**Task objective:** Write out every line of the material as it stands, apart from the pictures.

**Data segment:**
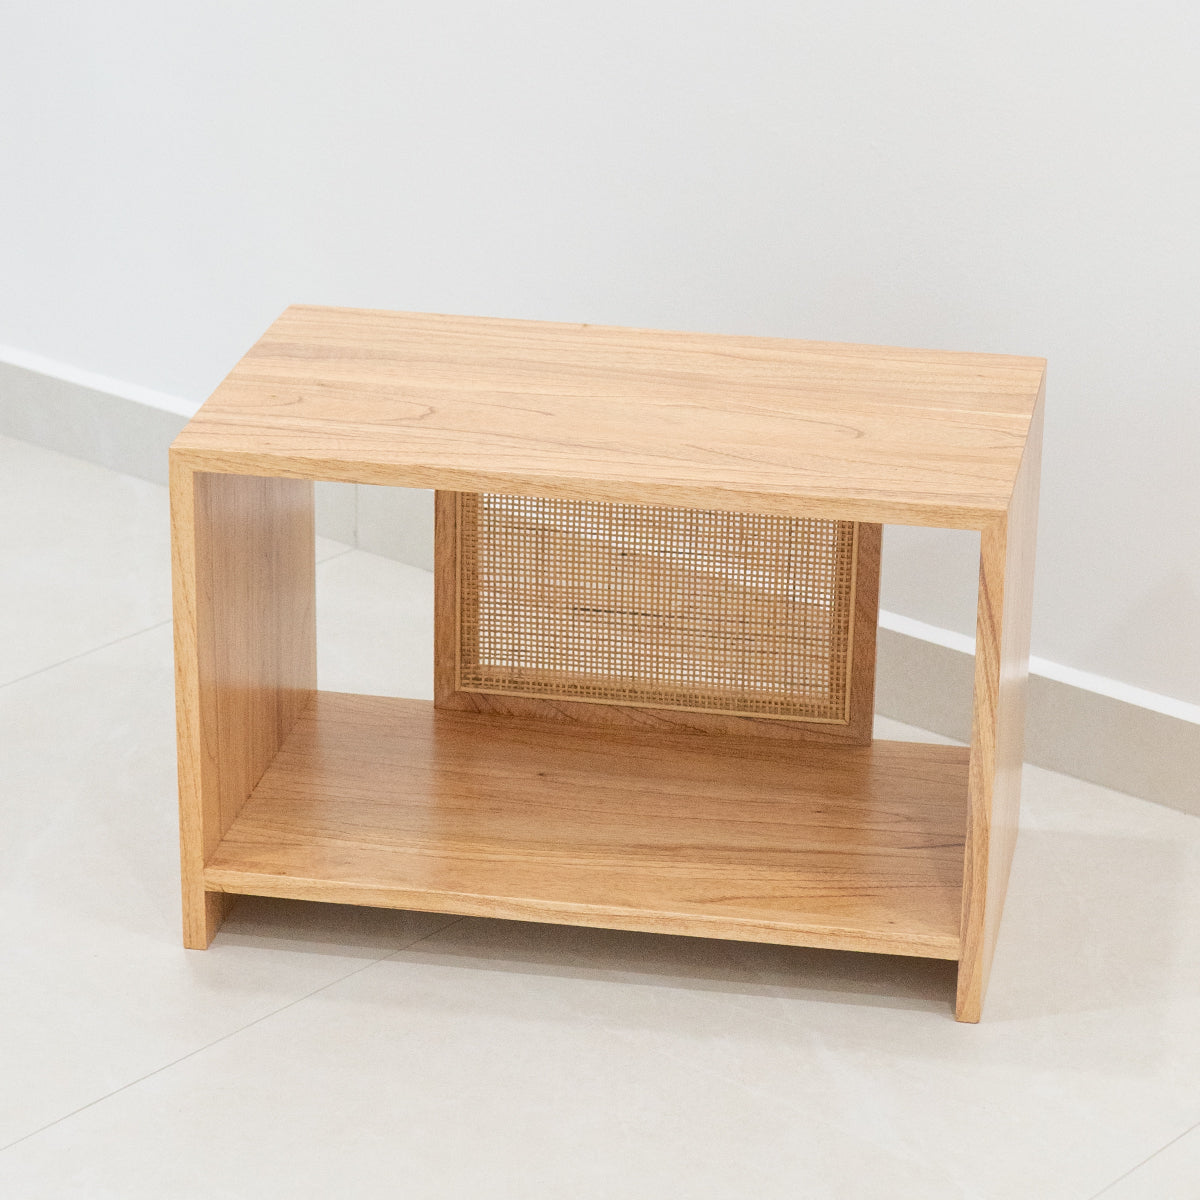 Summer's Modular Stackable Storage & Display Case (Medium With Legs) | Shop Furniture Online On Kathy's Cove Singapore
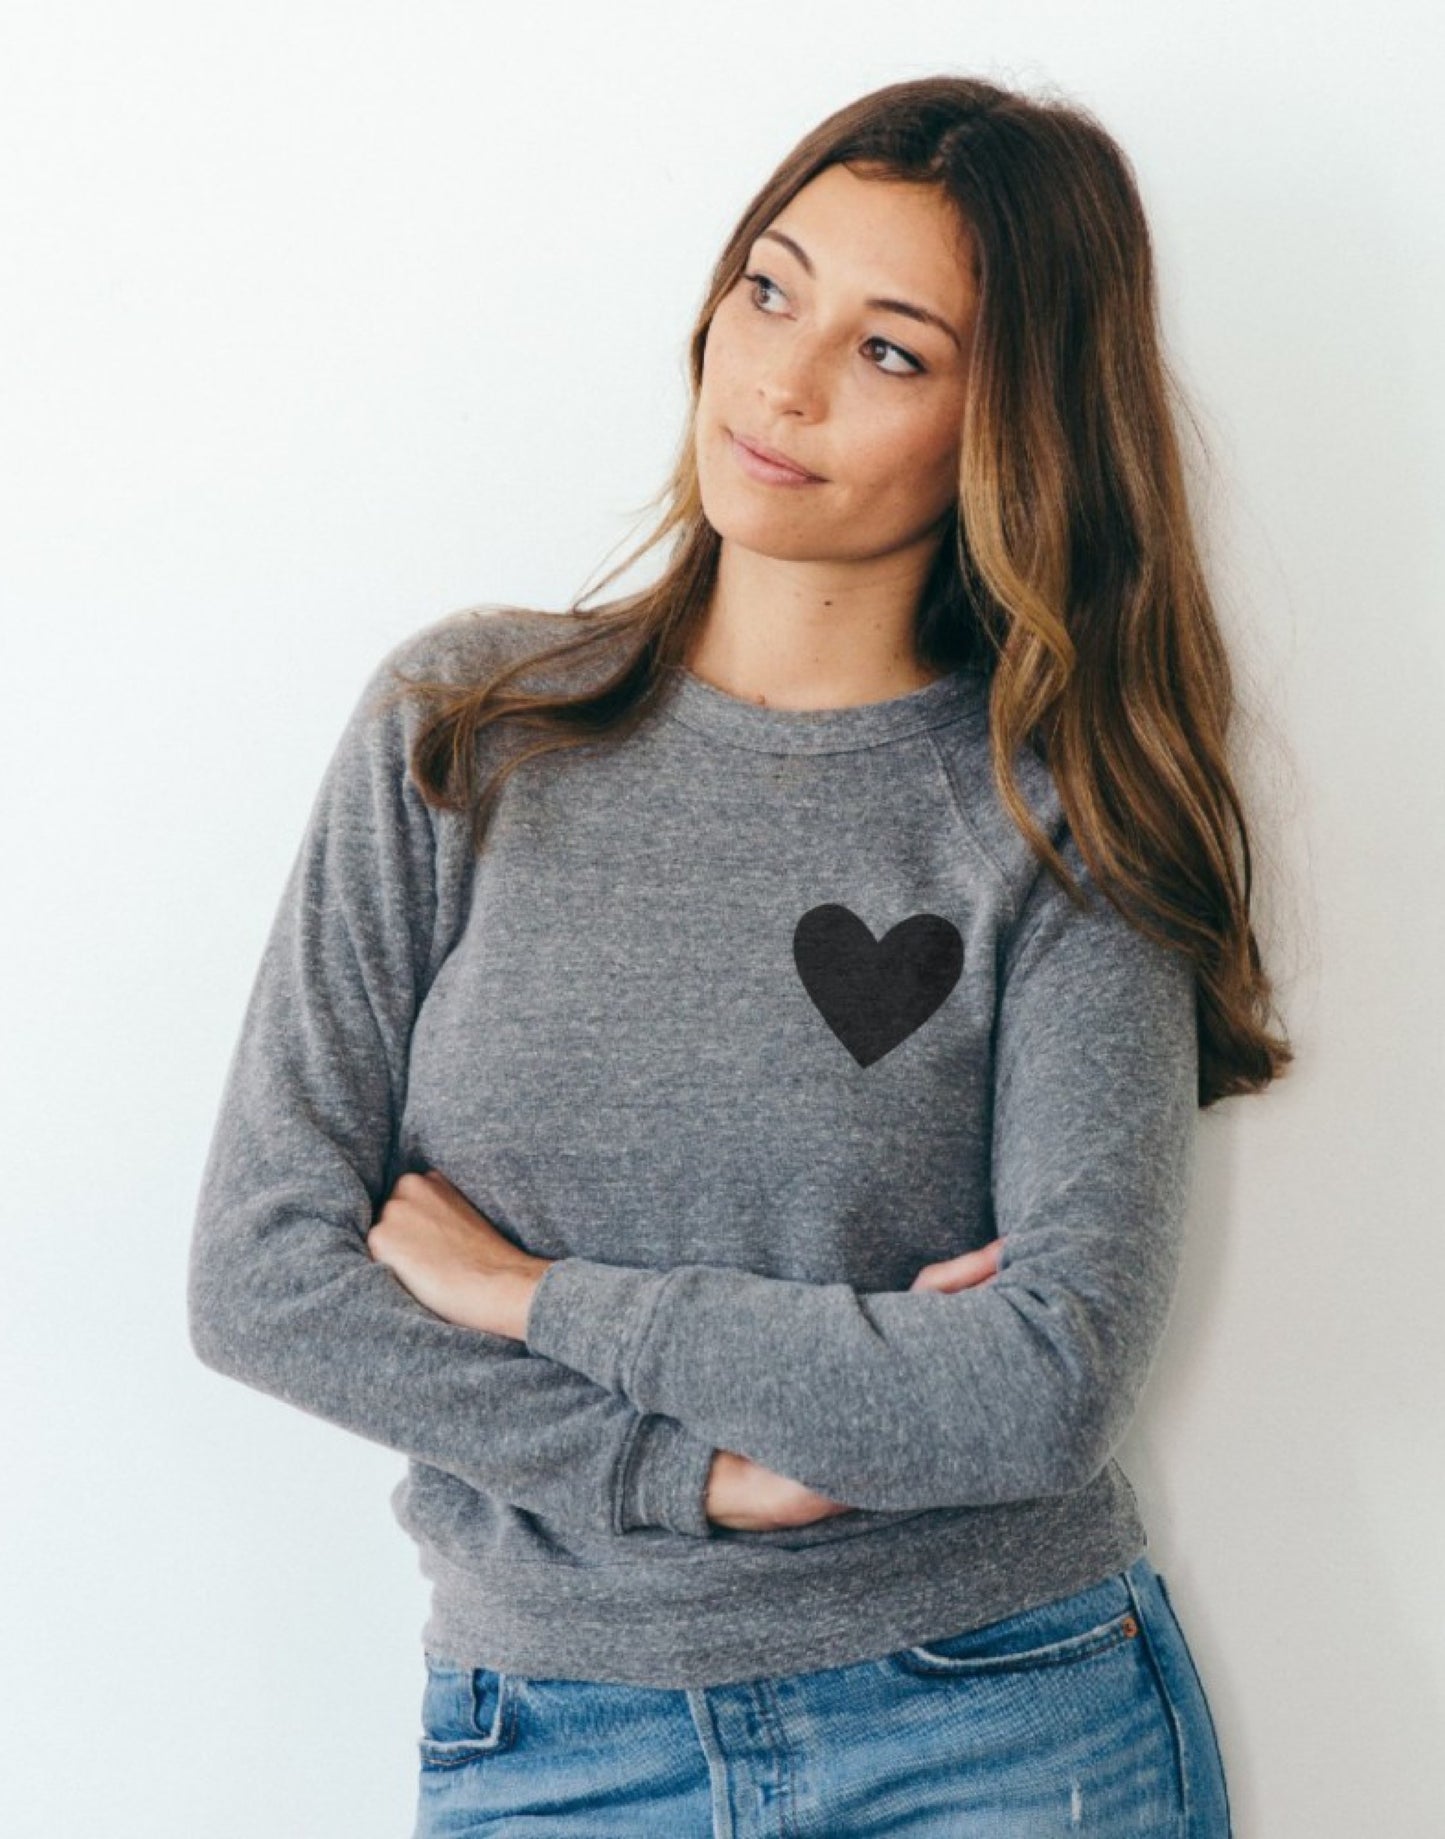 Have a Heart "Pocket" Print Sweater II
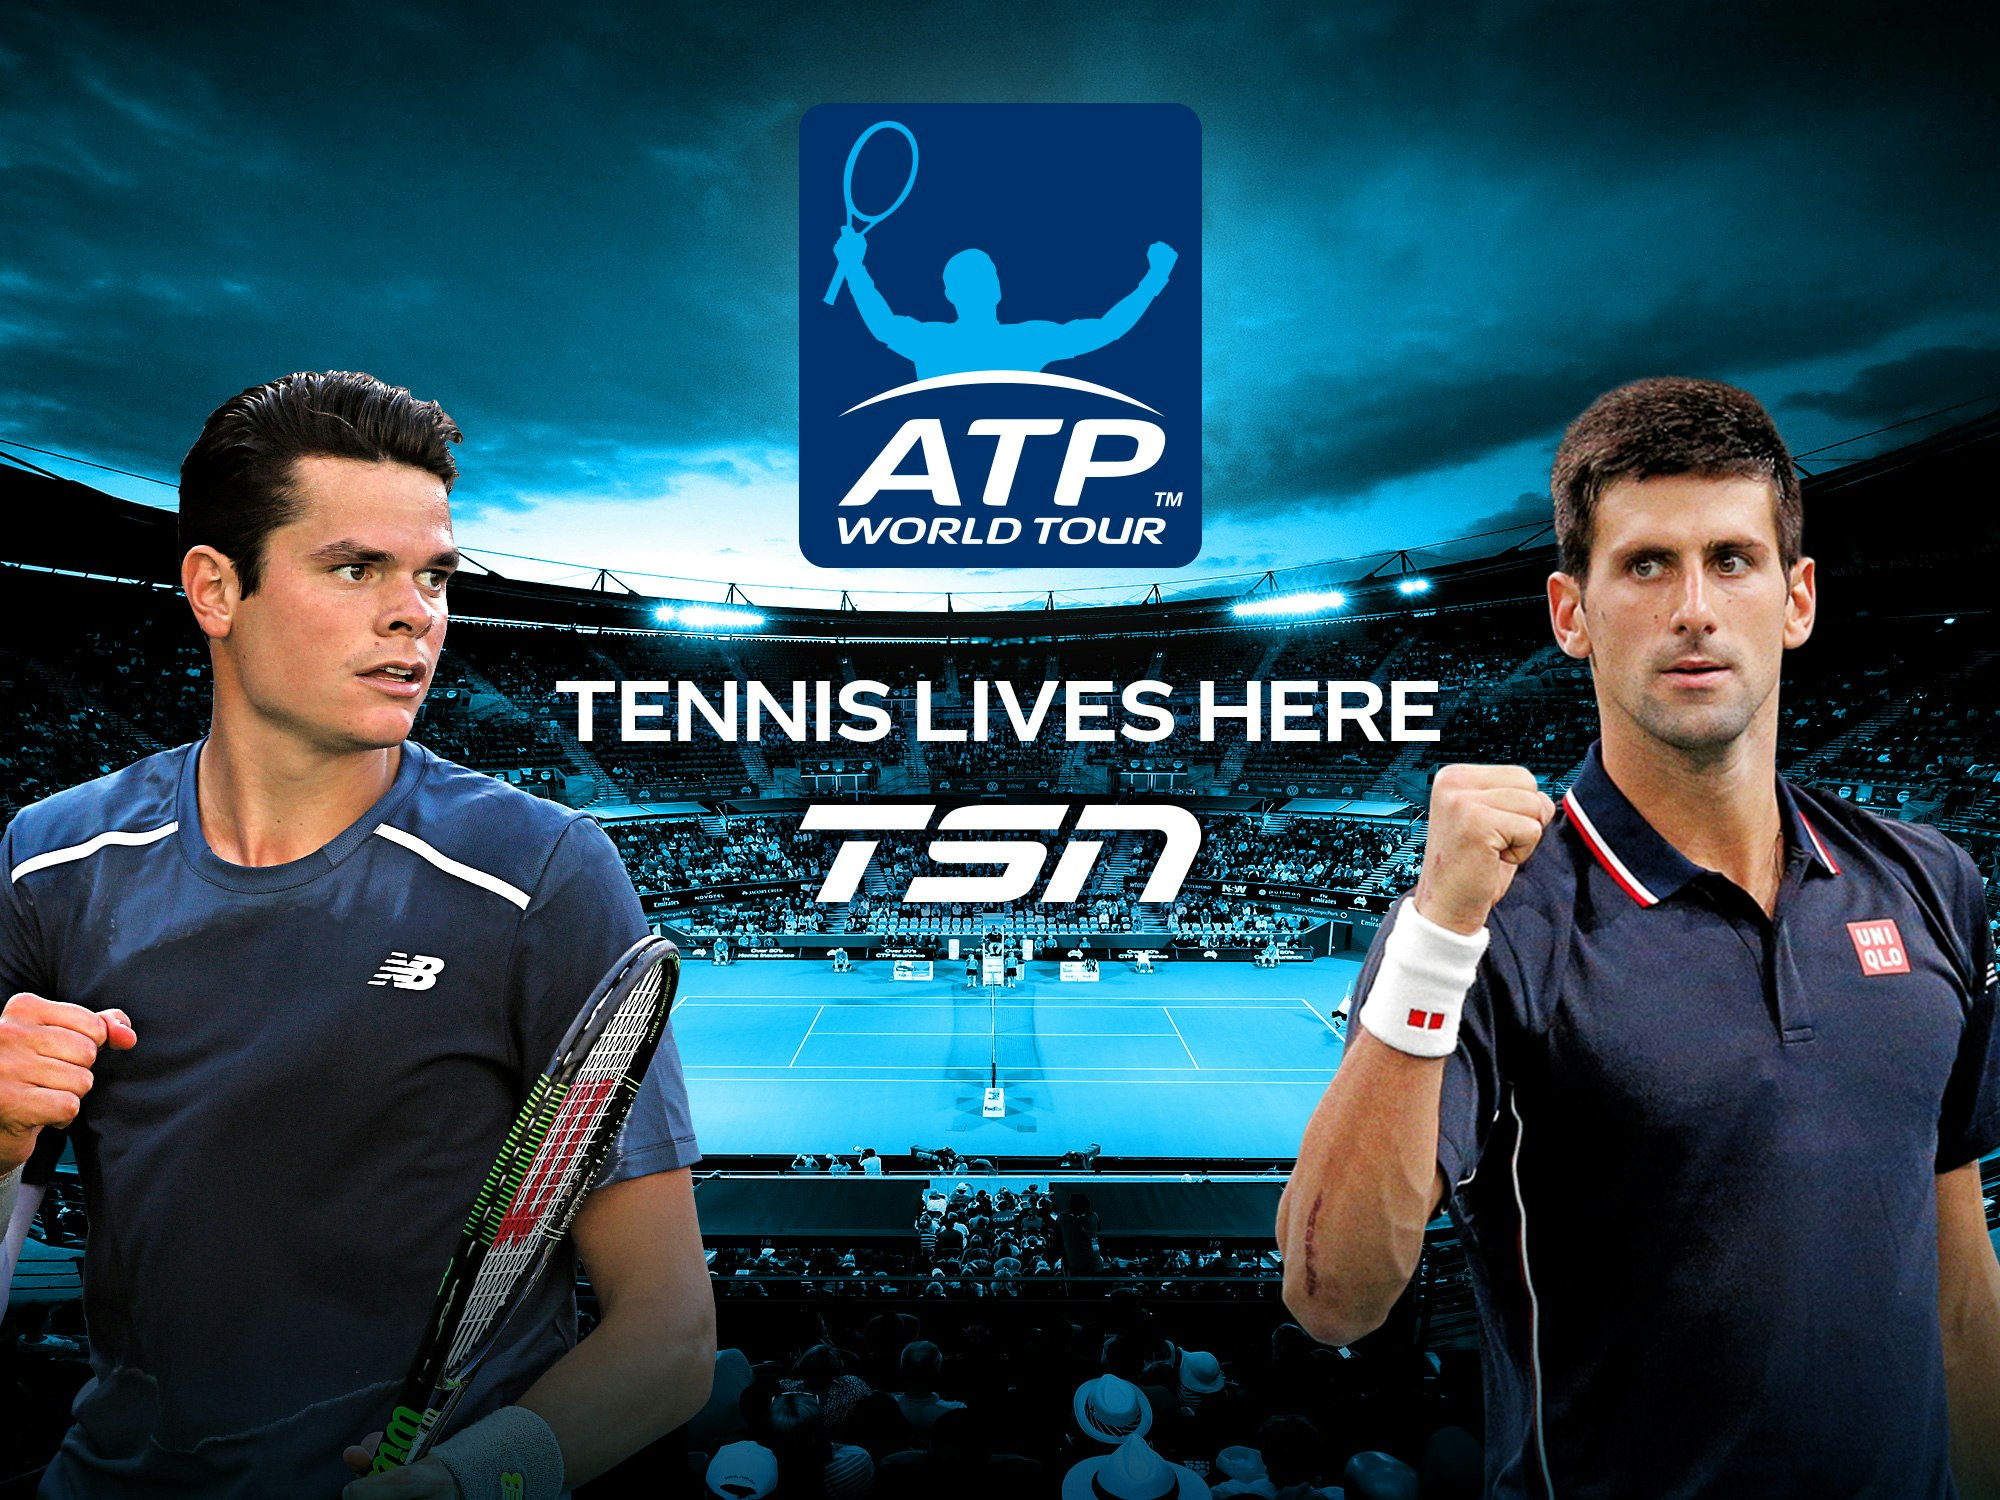 TSN Confirms Massive Slate of ATP Tennis Coverage, Kicking Off with ABN AMRO WORLD TENNIS TOURNAMENT from Rotterdam, Beginning Today
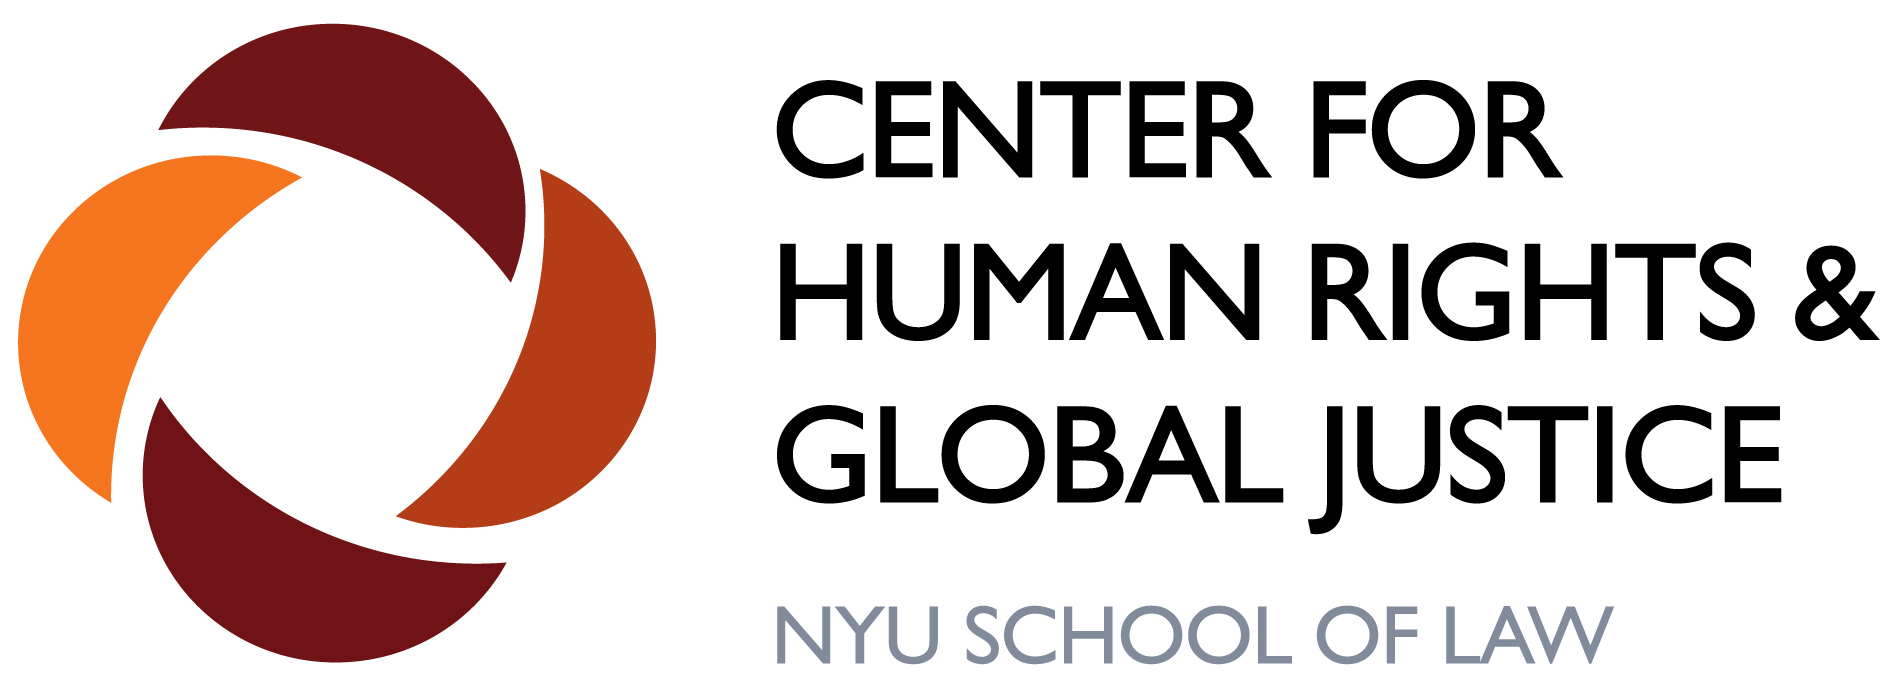 Center for Human Rights & Global Justice

**Reply:**
 Summer's Modular Stackable Storage & Display Case (Medium With Legs) | Shop Furniture Online On Kathy's Cove Singapore
 Have a Heart "Pocket" Print Sweater II
 TSN Confirms Massive Slate of ATP Tennis Coverage, Kicking Off with ABN AMRO WORLD TENNIS TOURNAMENT from Rotterdam, Beginning Today
 Center for Human Rights & Global Justice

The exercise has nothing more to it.